Despite all the measures taken, our patient died of respiratory failure. Even with potent antifungal therapy, cryptococcal disease continues to be associated with substantial morbidity and mortality [12]. Several factors are associated with mortality in central nervous system (CNS) cryptococcosis, these include: CSF white blood cell count <20 cells/μL, high initial CSF CrAg titer >1:32, untreated elevated intracranial pressure, and altered mental status [13-15]. Our patient initially had all these risk factors. The prolonged duration of altered mental status with initially untreated increased intracranial pressure coupled with vomiting, likely predisposed to aspiration. In a resource-rich setting, aspiration pneumonia would have been unlikely to be a fatal event, whereas in resource-limited settings, further supportive care and ventilator support is often unavailable.

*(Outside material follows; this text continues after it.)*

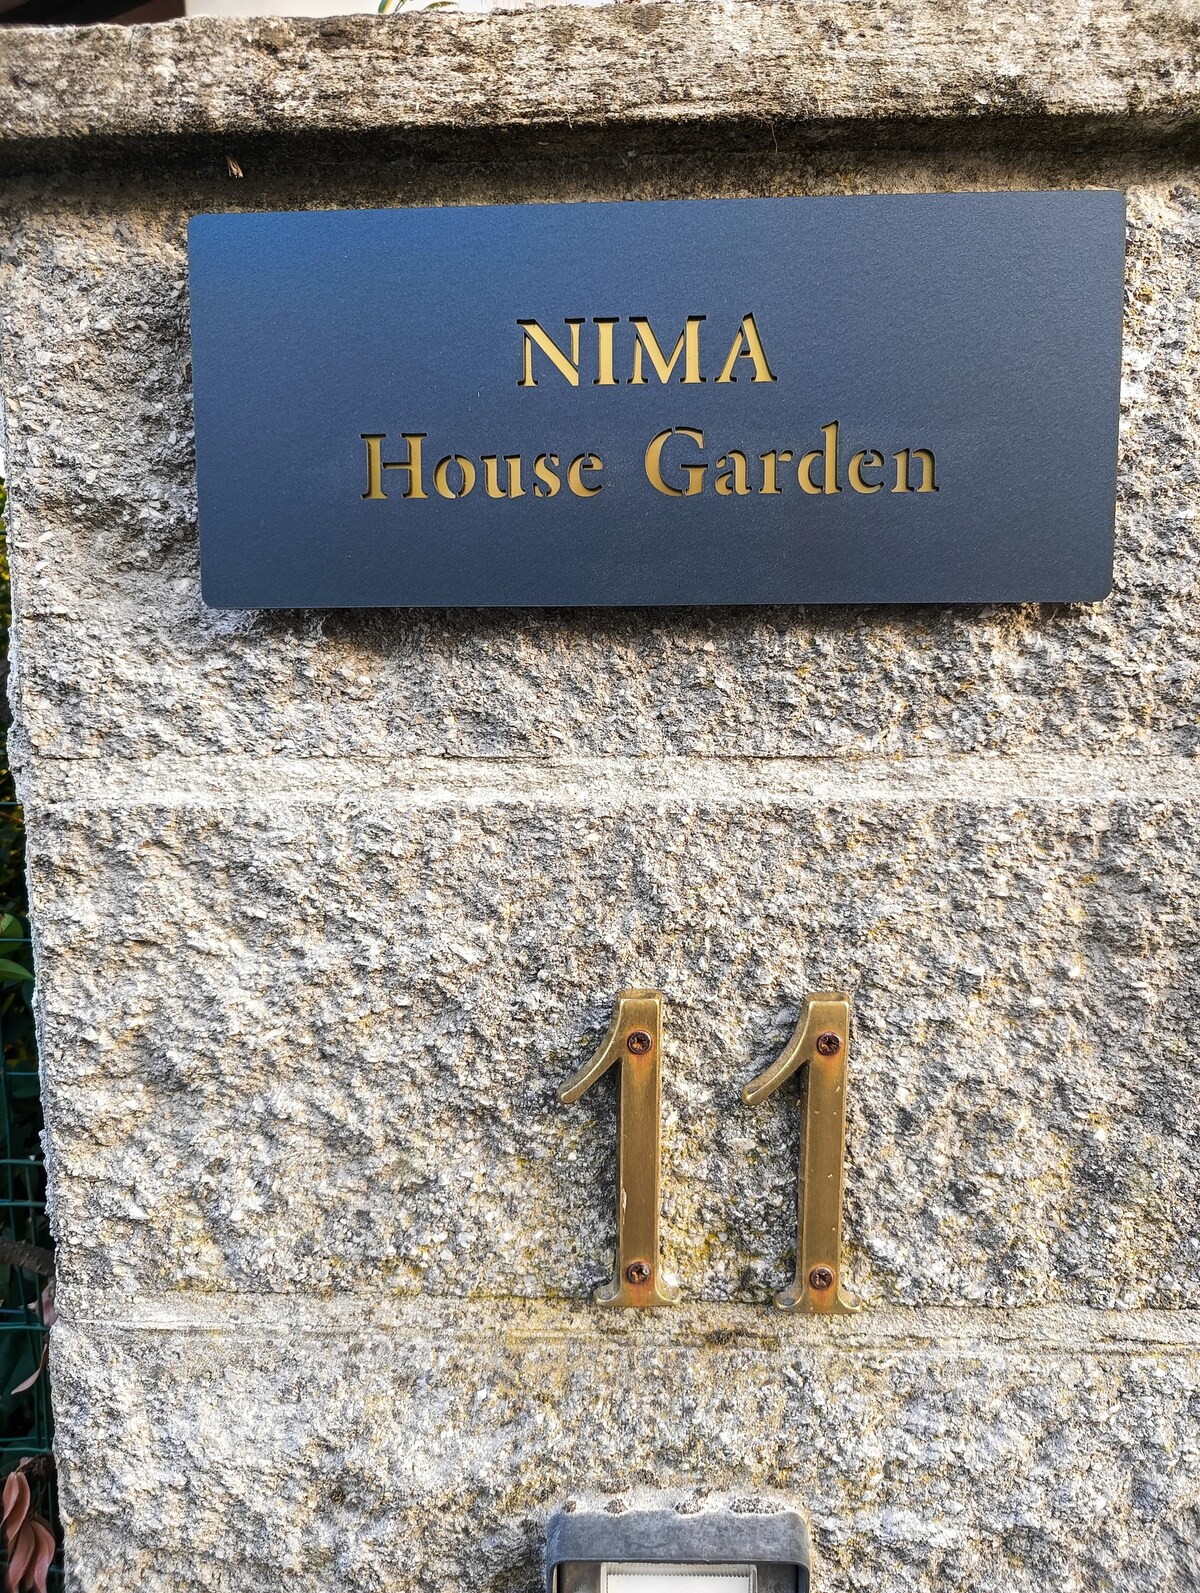 NIMA House Garden

With early diagnosis, cryptococcal meningitis often responds to therapy. Pregnant women with CNS or disseminated disease should be treated with amphotericin-based induction regimens whenever possible. Amphotericin rapidly clears the CNS of infection, is well distributed in the placenta [16], and better tolerated in children that it is in adults. Fluconazole, on the other hand, is fungistatic to minimally fungicidal and has been associated with birth defects in the first trimester [17,18]. However, fluconazole can probably be used safely during the second and third trimesters. In our case, the use of fluconazole monotherapy for initial management of this patient may have led to poor fungal clearance and increased risk of IRIS. Furthermore, pre-ART CrAg screening may have led to earlier diagnosis or prevented the development of meningitis altogether [3]. How to best manage asymptomatic CrAg+ women who are pregnant is unknown.

The predominance of CD8 T cells in this patient׳s CSF is similar to what has been found in the CSF of HIV-infected patients [19] and points to a poor CD4+ T cell response. The predominance of classical monocytes over intermediate monocytes in CSF at the end of Amphotericin therapy has been demonstrated by other investigators and may point to involvement of these subsets in the innate immune response to cryptococcal meningitis [20].

In conclusion, we present a novel case of a patient presenting with both unmasking CM IRIS induced by starting ART and paradoxical IRIS in the immediate post-partum period. Physicians must consider the immunomodulatory effects of giving birth and in the right circumstances, should consider IRIS.

Conflict of interest statement

The authors declare no conflict of interest.